▶ [GIVEN MATERIAL]
┄┄┄┄┄┄┄┄┄┄┄┄┄┄┄┄┄┄┄┄
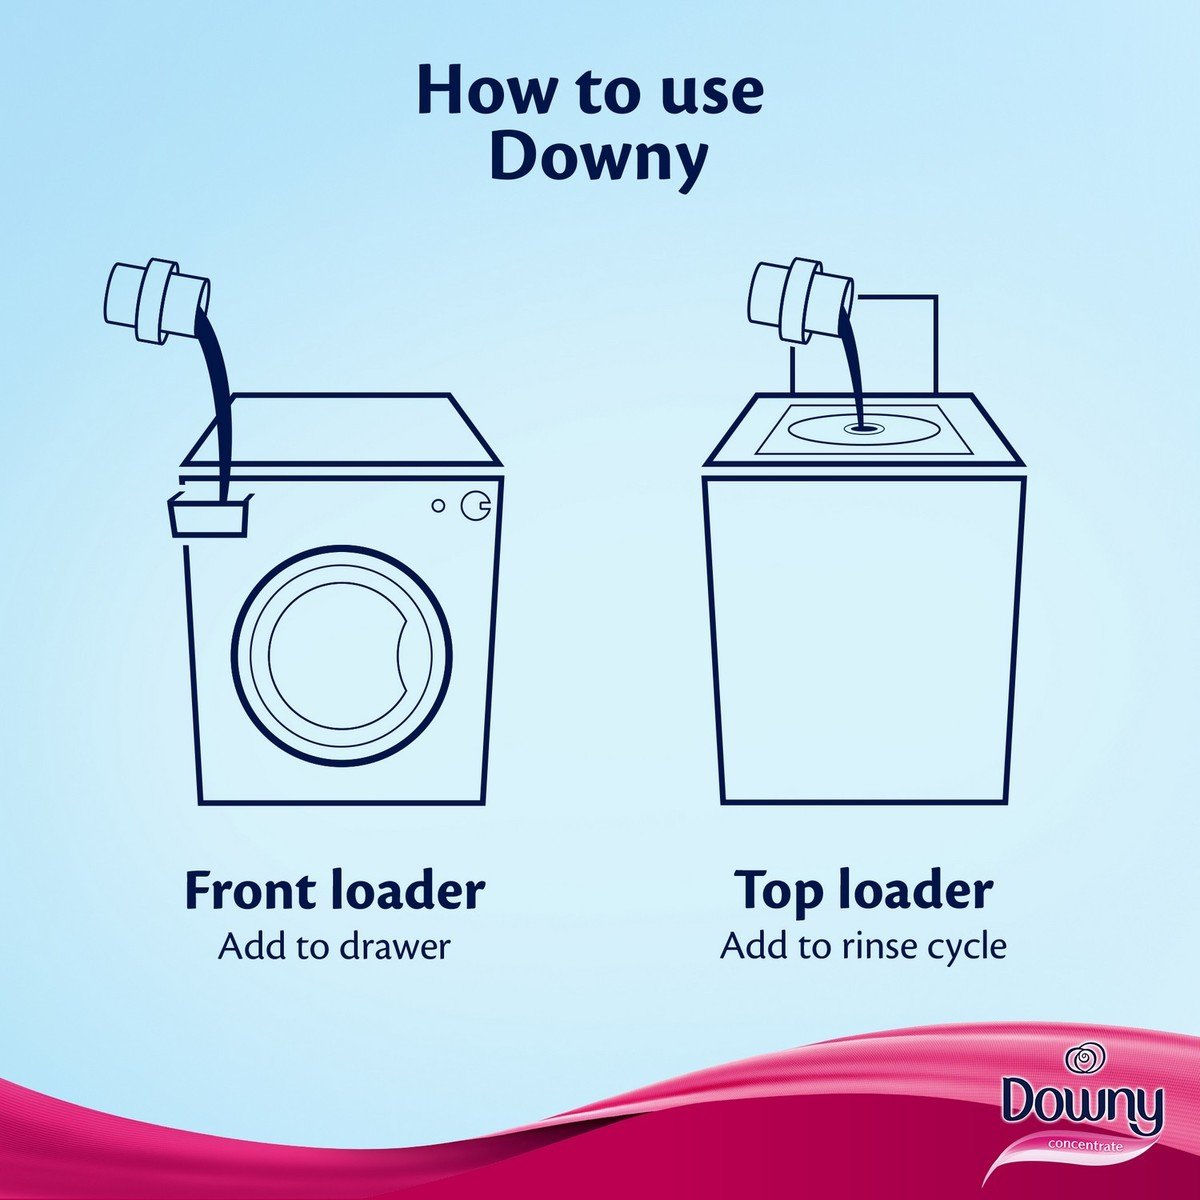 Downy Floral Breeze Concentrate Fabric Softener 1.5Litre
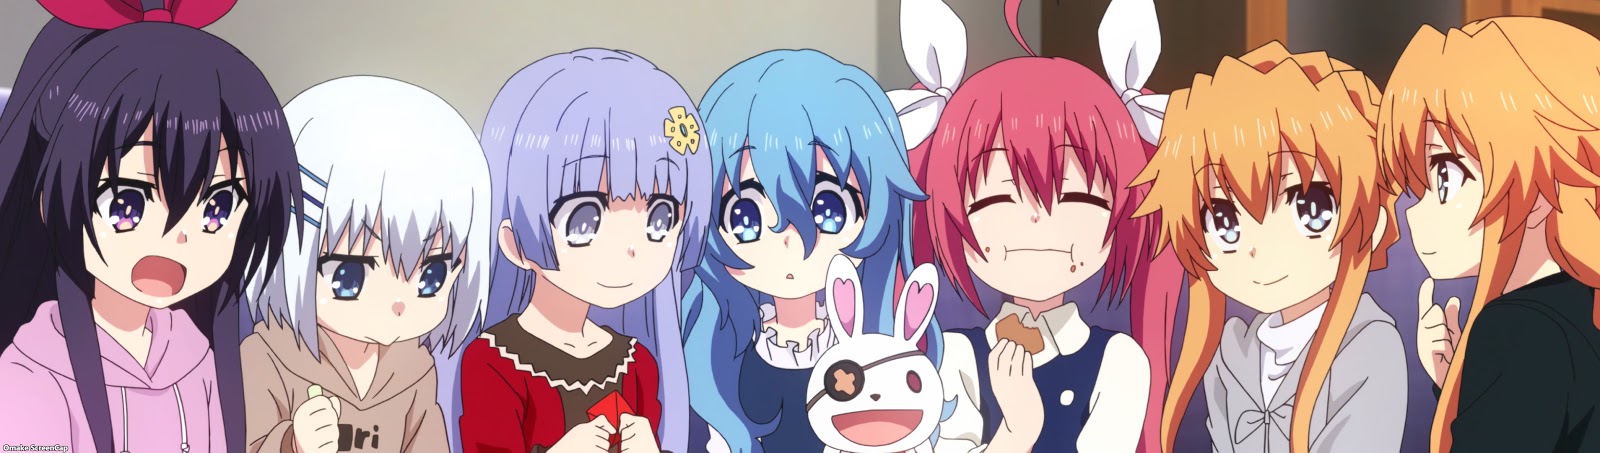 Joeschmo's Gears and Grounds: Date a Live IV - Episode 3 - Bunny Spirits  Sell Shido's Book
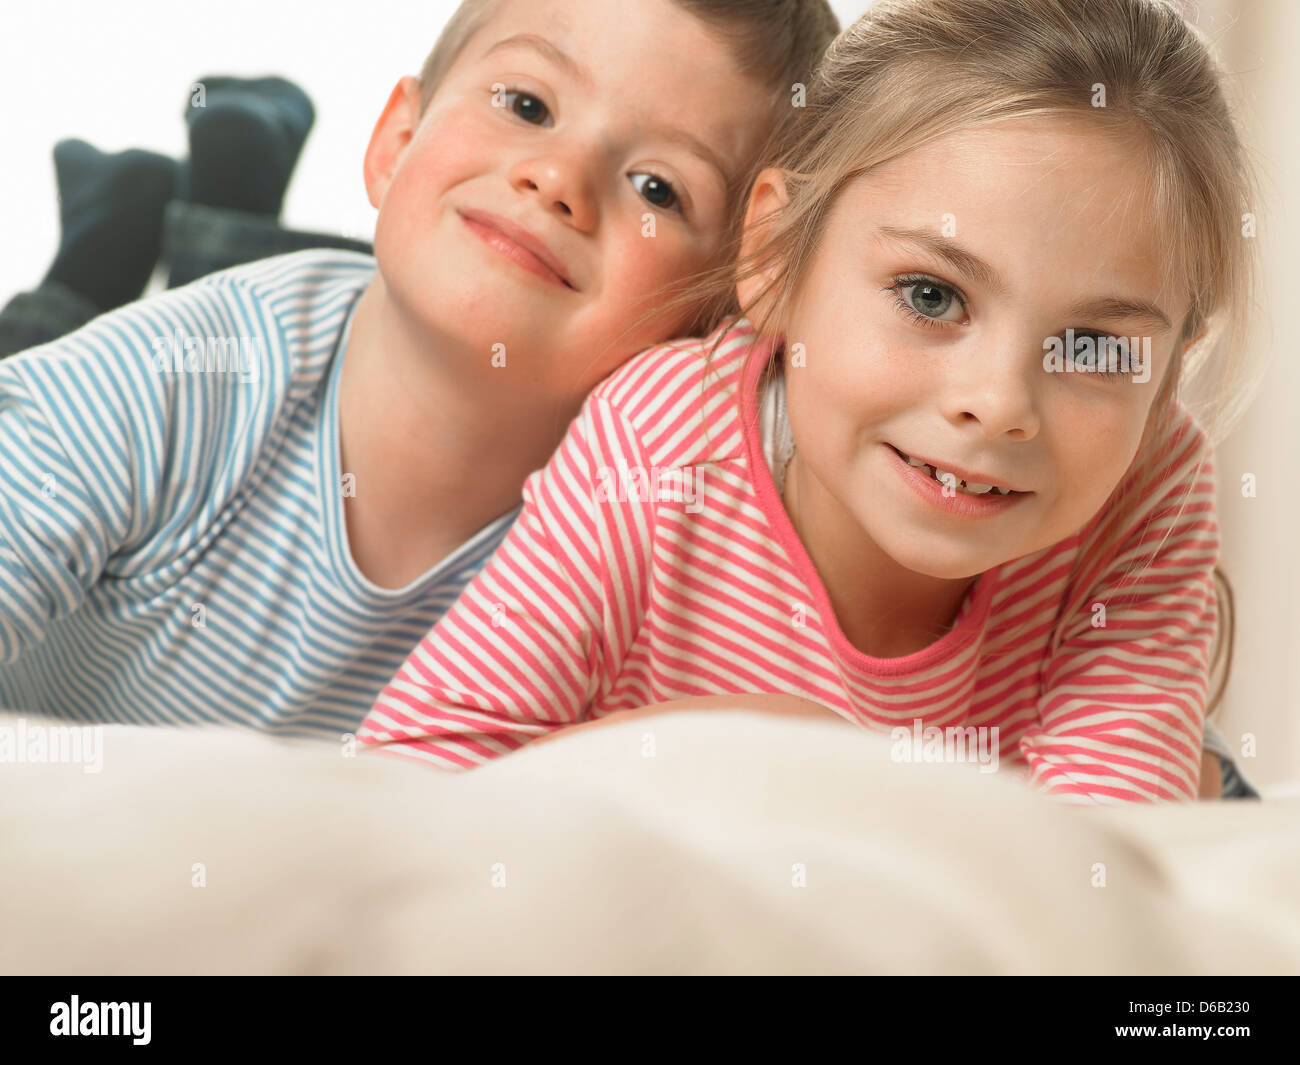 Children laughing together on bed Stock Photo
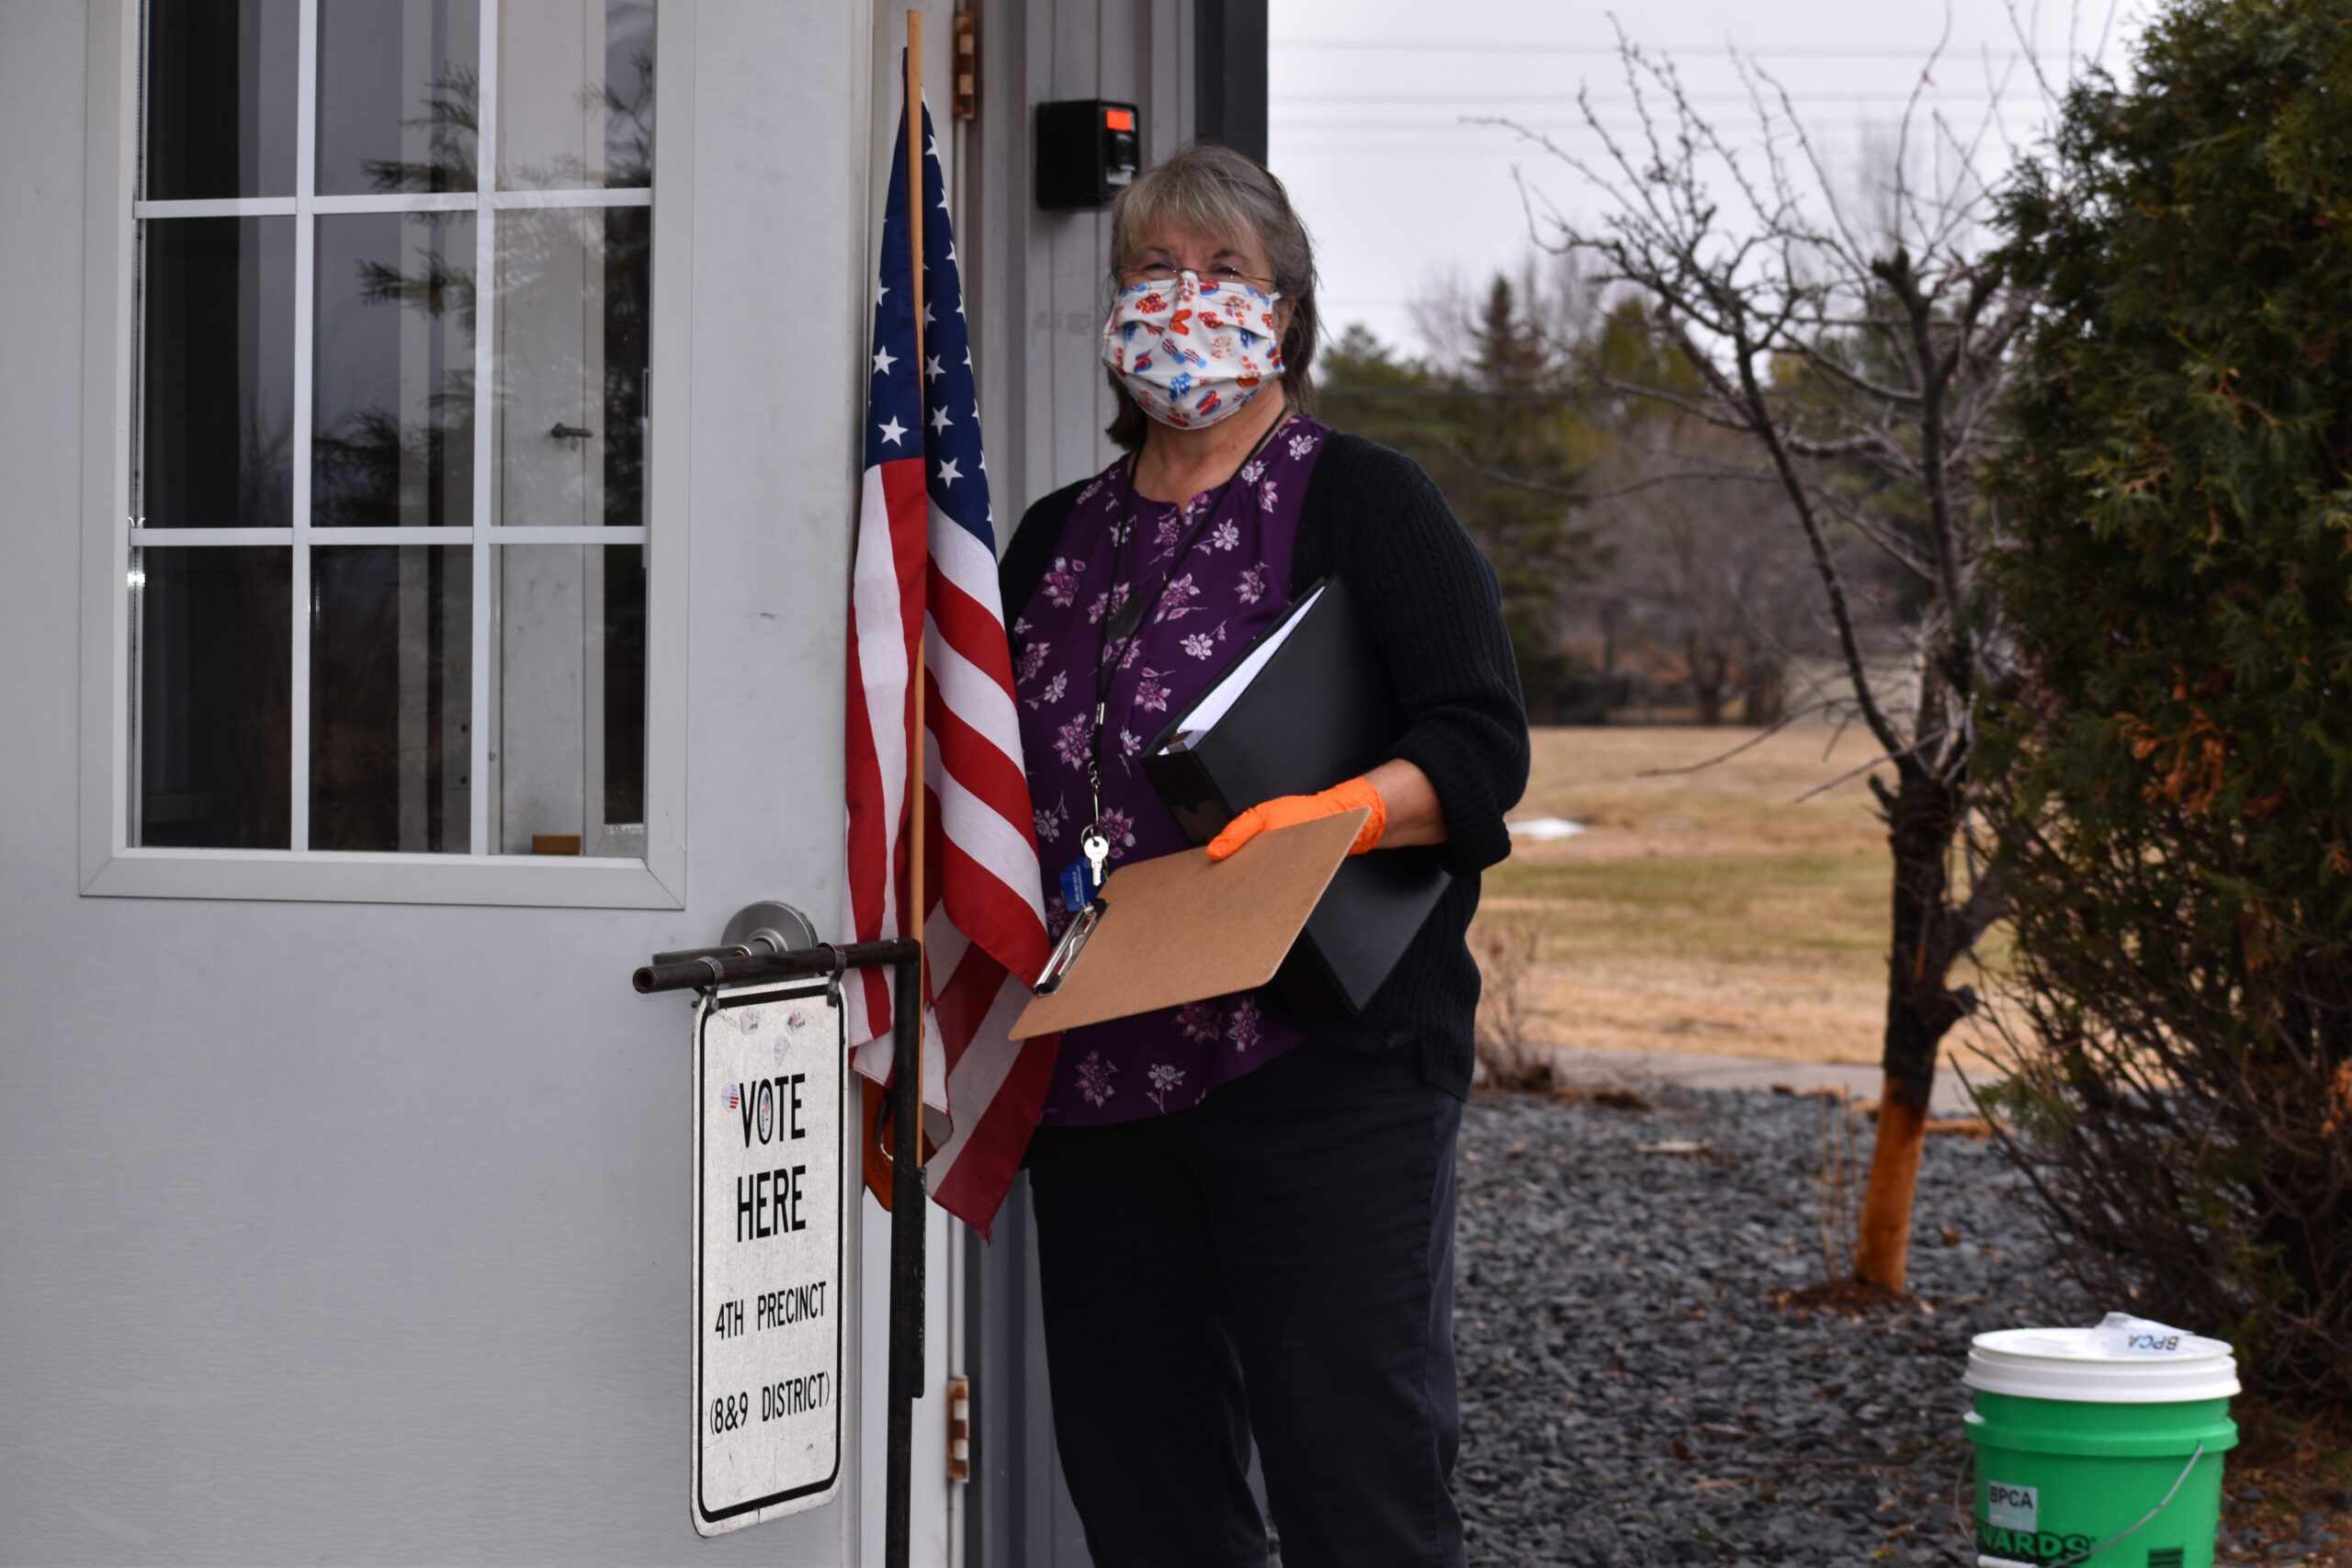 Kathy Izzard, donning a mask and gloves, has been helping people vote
┄┄┄┄┄┄┄┄┄┄┄┄┄┄┄┄┄┄┄┄
▶ [WORK INSTRUCTIONS] Emit an exact copy of the lines from the line bearing "Children laughing together" through the last line above, inclusive, and leave the images out.

▶ [EXERCISE RESPONSE]
 Children laughing together on bed Stock Photo
 Kathy Izzard, donning a mask and gloves, has been helping people vote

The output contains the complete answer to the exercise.